Given the above financing mechanism, any serious administration ought to put in place stringent measures to enhance prudence, transparency and
accountability in the implementation of the project to ensure public trust and confidence.
It is against this background that CDEDI has written Hon Mwanamvekha to immediately suspend operations at the Salima-Lilongwe Water Supply project, pending an audit.
It is only through this process that Malawians will exercise their right to know the status of the project and how much has been pumped into it through loans
so far!
The implementation of the project has been marred with serious allegations
that include the following;Lack of transparency and accountability: Malawians don’t know if funds
disbursed so far match with the works on the ground in the two-year project expected to be completed by September 2026.

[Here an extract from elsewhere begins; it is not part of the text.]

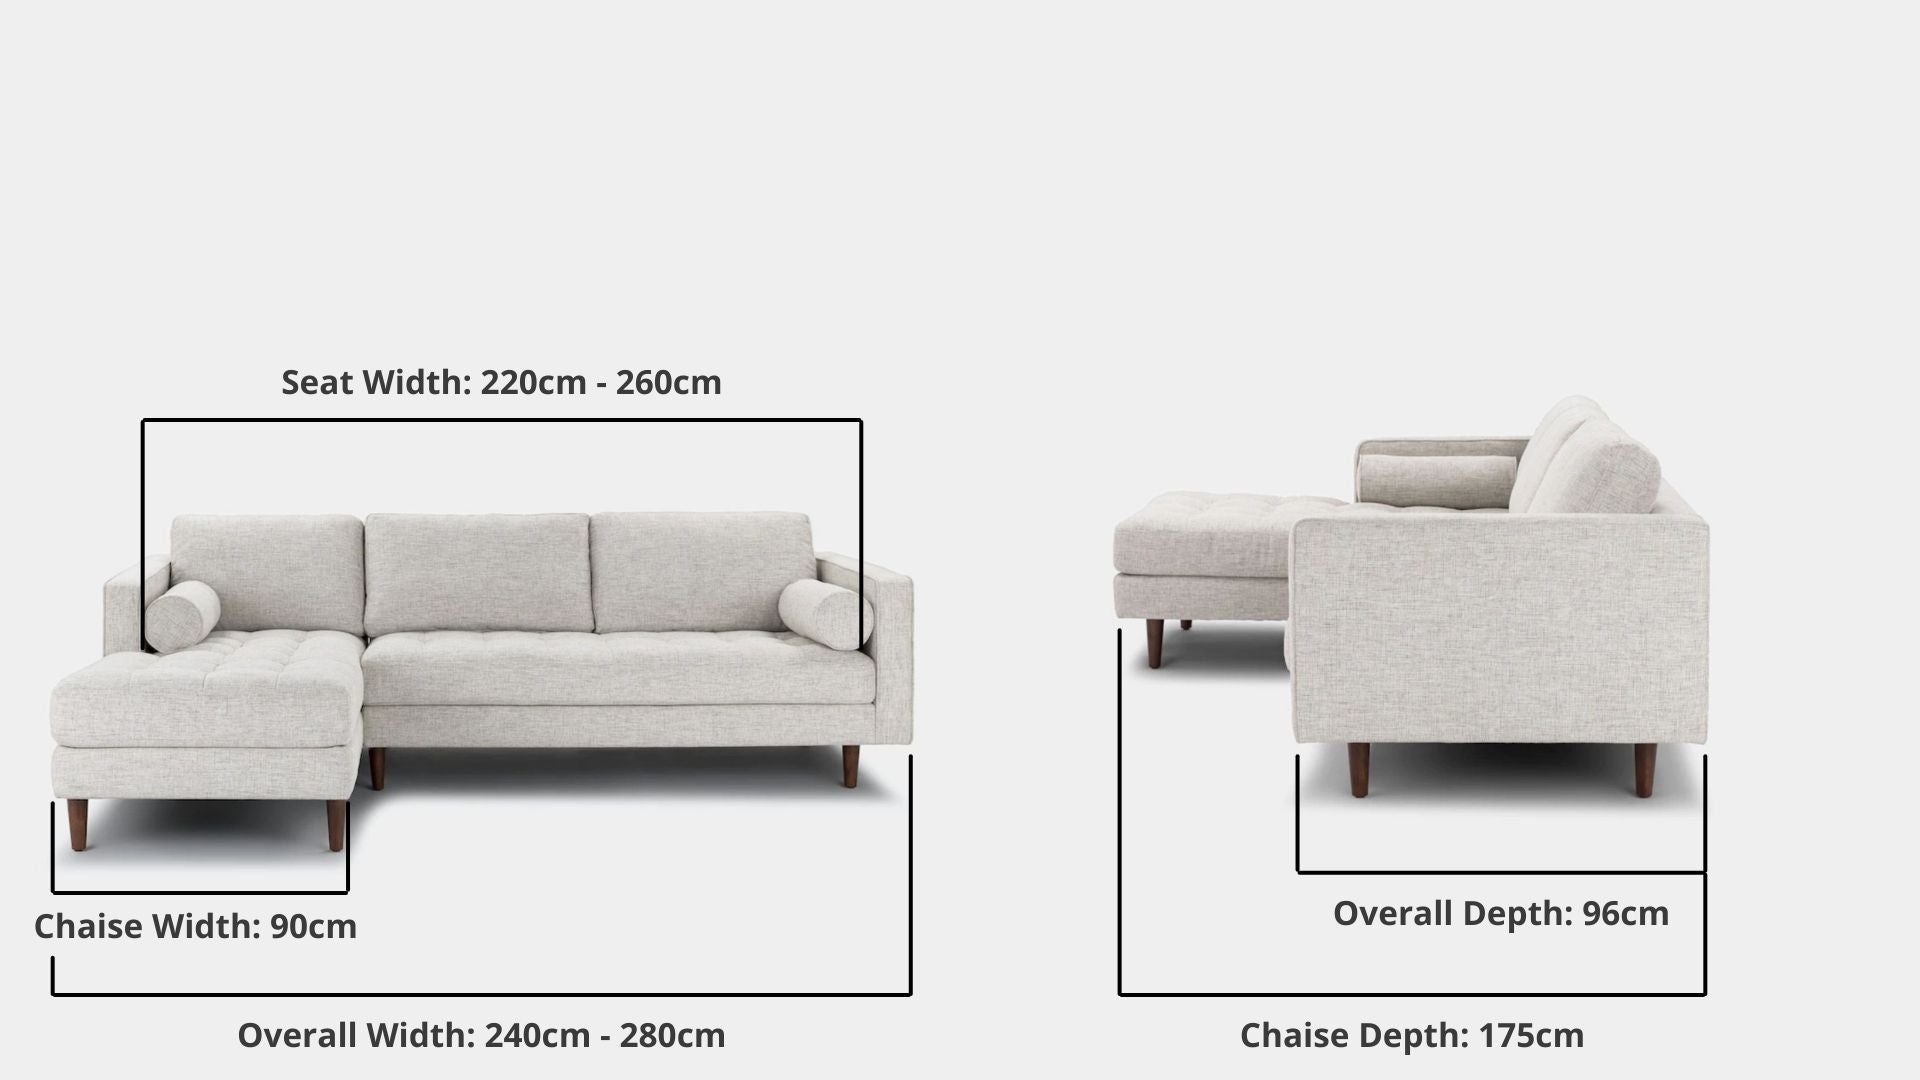 Details the key dimensions in terms of overall width, overall depth and seat width for Castle Fabric Sectional Sofa

Alleged lack of due diligence in subcontracting: Outsourcing of products and services that can be easily and cheaply sourced locally—accommodation,
labour, plant and vehicle hire, procurement of quarry stone.
Alleged Forex externalisation and money-laundering; There are traits of money-laundering and forex externalisation owing to the huge salary disparity
between locals and expatriates. Expatriates fly out for a holiday once every six weeks. Importation of products such as safety boots, vests, reflectors,
aluminium windows, cement and even bricks amid acute forex shortage in the country.
Abuse of the immigration law; Importation of skills that are locally available such as guards, health and safety, electricians, fuel attendants and plant operators. In so doing, they have failed to recruit interns to ensure skills
transfer amid high unemployment among the youth.
Total disregard for occupational health and workplace safety: Between April and September 2025, seven productive citizens, including a teacher, have died
due to accidents involving the contractor.
Violation of labour laws and discrimination: Locals are treated with contempt, working long hours and during odd hours at no pay. Local guards getting K600,000 gross salary while foreigners are getting ZAR 20,000 (about K4 million) per month. Foreigners enjoy medical insurance while the locals don’t.
Locals are accorded 18 days annual leave while foreigners go on leave for 30 days. The company’s employees are not on pension, which contravenes the
country’s Pension Act.
Lack of compliance with construction industry regulations; There is only one local engineer at Mvera site while Lifu, Katengedza and Dowa/Chezi sites are
managed by foreigners.
As a nation riddled with unsustainable public debts, coupled with acute forex shortage and unemployment crisis, we cannot afford to bury our heads in the
sand from such serious allegations, at least not now when we have a new government that has promised change.
It is, therefore, CDEDI’s expectation
that authorities will act on our demand as a matter of urgency.